My WW and I took an impromptu vacation over Christmas, for 2 days, just to see if there was any spark left. There was. We had fun, and I intentionally tried to compartmentalize all my feelings so I could have a good trip and remind her that our relationship DID have good times.

Several days after the trip, knowing she was still in contact with the OM, I went NC. I told her it was too painful to be in this limbo, and I needed to cut myself off from her to heal. She understood, but within hours was sending me teary text messages. I stood my ground as best I could and didn't talk to her for a few days... and minimally over the next few weeks, despite a few messages and e-mails saying she couldn't imagine life without me. This was incredibly strengthening for me... and I found myself in kind of a "zen" state where I was doing what was best for me, and it felt good.

The majority of my contact with her for those few weeks was only to tell her that R was possible if and only if she went NC with OM. It wasn't easy, because I DID miss her.

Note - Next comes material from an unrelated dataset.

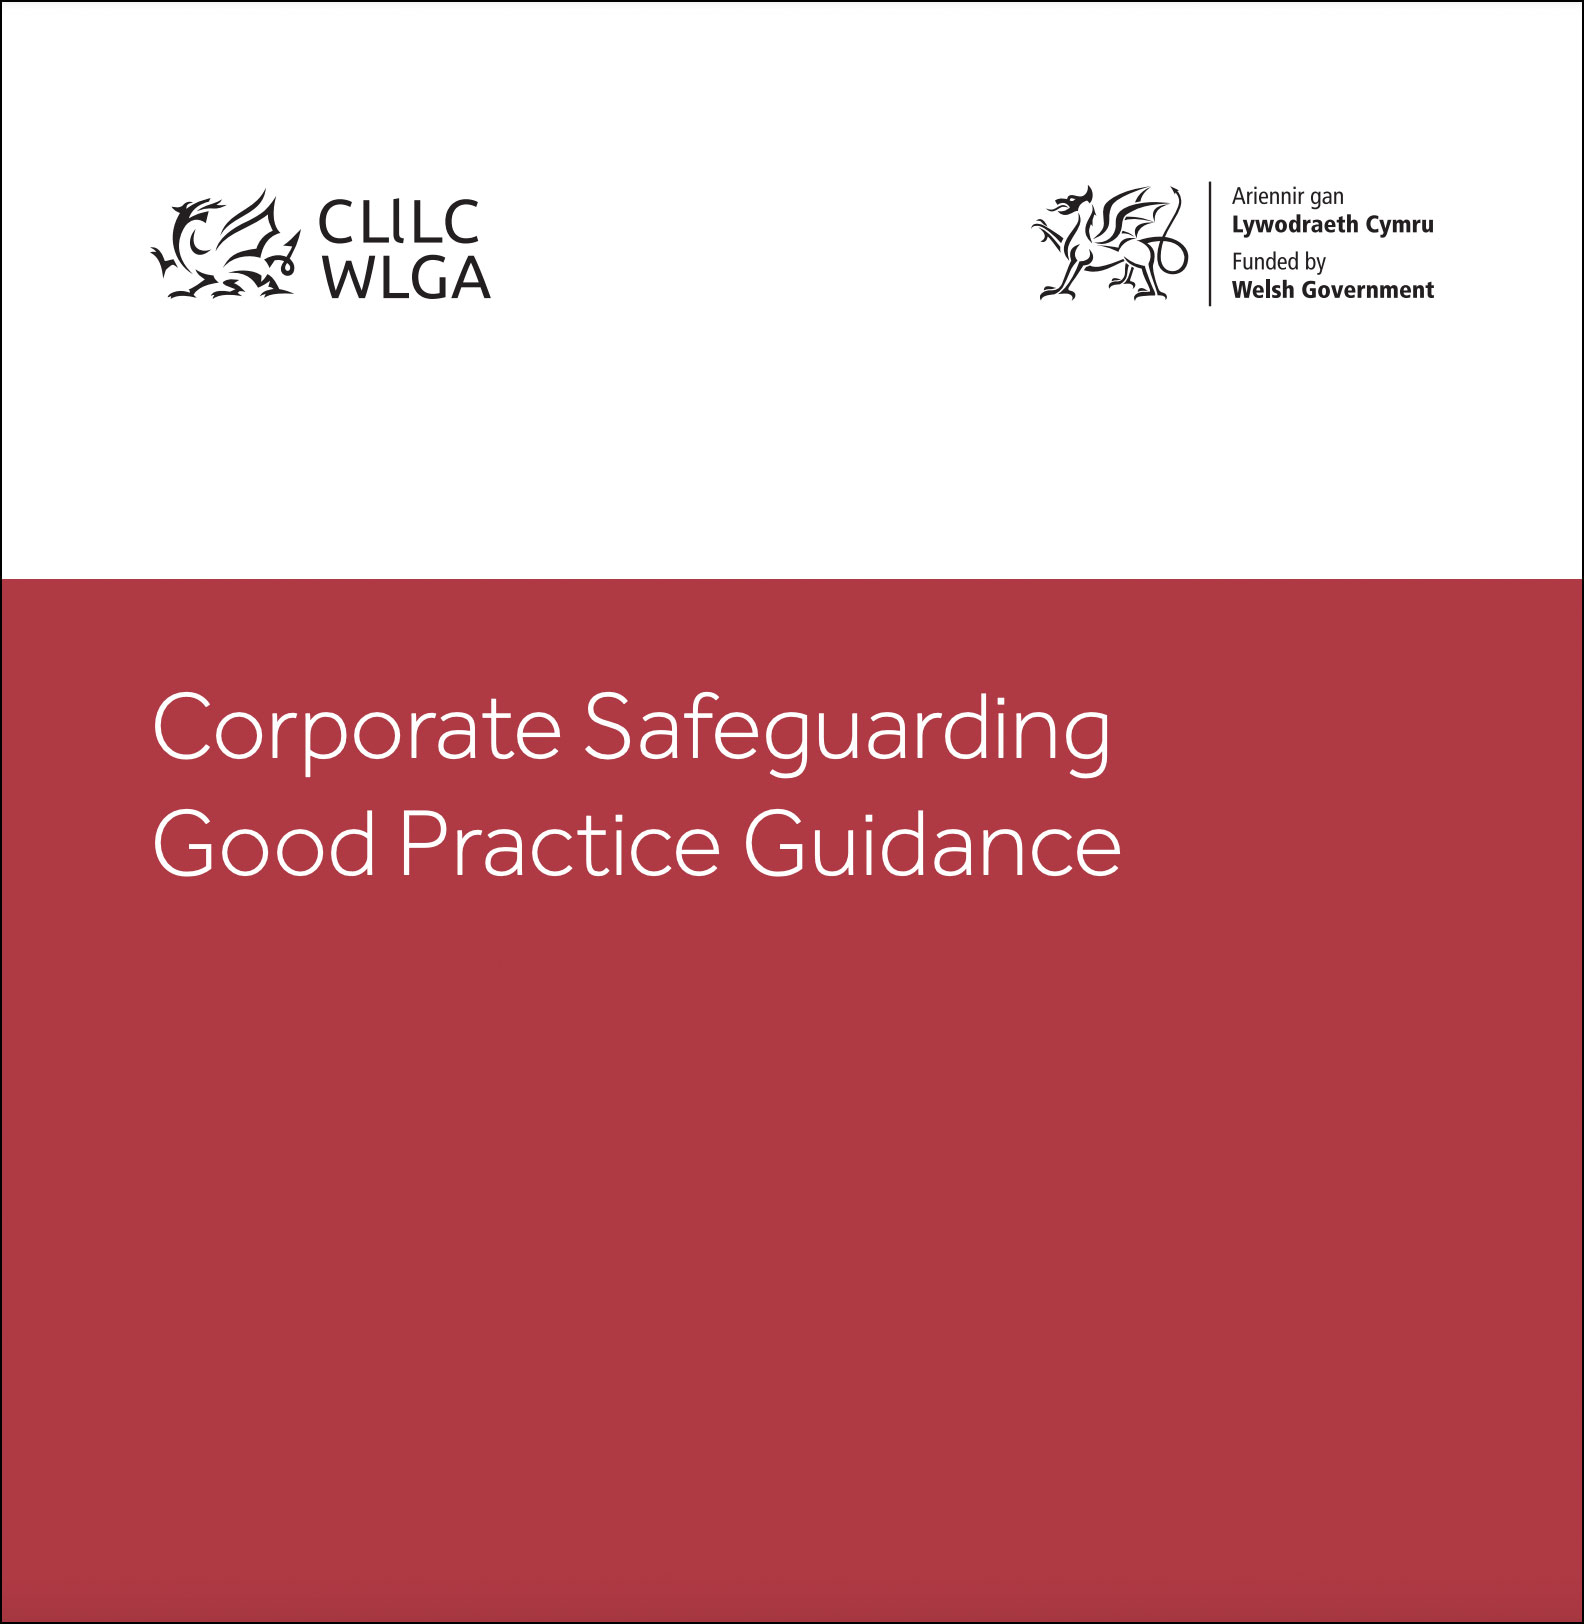 Front cover of the Corporate Safeguarding - Good Practice Guidance document

And then things changed when her cousin died in a car accident last week. It shook her. She broke down and everything came out. She did a complete 180, I got every nitty-gritty detail... told me she was a horrible person and couldn't imagine a future without me and couldn't believe she was capable of doing what she had done. She said she would go NC with the OM and cut him out completely, and tell me if he ever tried to contact her again (which he had been doing regularly despite her prior efforts at cutting him off). She's been exceedingly sweet and remorseful. I've even gone off at her (not excessively, but brutal honesty) and she hasn't been defensive at all.

I'm in the process of moving back into the house. She knows if anything else happens, SHE is the one who is leaving the house, because I've made it clear if anybody should be living in a dingy room at a friend's house, it sure ain't me. OM sent her a text message yesterday afternoon, which she offered up to me willingly.

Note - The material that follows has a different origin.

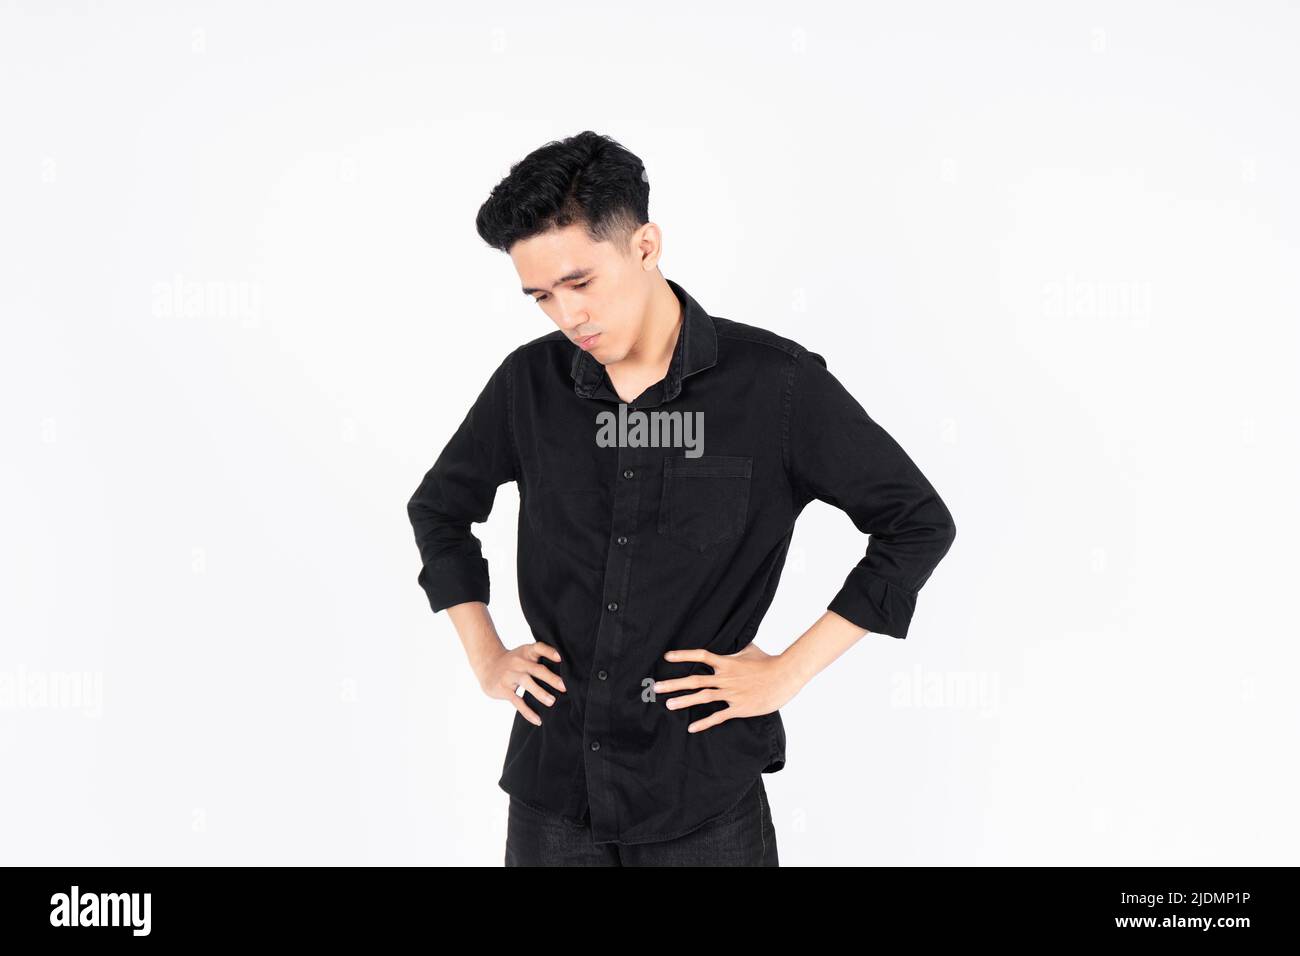 Young men show signs of disappointment with unsatisfactory work results or tired of what they are doing. with a black shirt on a white background. Stock Photo

She also knows I'm not fully on board with R yet, just that I need to move back in as a first step, and we'll go from there. I've made it very clear the burden is on HER if she wants to stay in the house and repair the damage she has done. I'm dealing with the anger and hurt of knowing all the details now, but I know that was a first step towards healing.

Maybe I didn't do things perfectly. Maybe I screwed things up. But I feel ok today, because I'm going to have my house back, with my W in it for the time being, and there is hope... and if she makes clear that she can't handle the burden of repairing our marriage, I'll have my house and a shred of dignity.


BS: Me, 27
WS: Her, 24
EA: October
PA: 11/22/10
Moved out 12/3/10
Moved back in mid-January.

In tentative recovery. Is that the sun I see, breaking through the fog?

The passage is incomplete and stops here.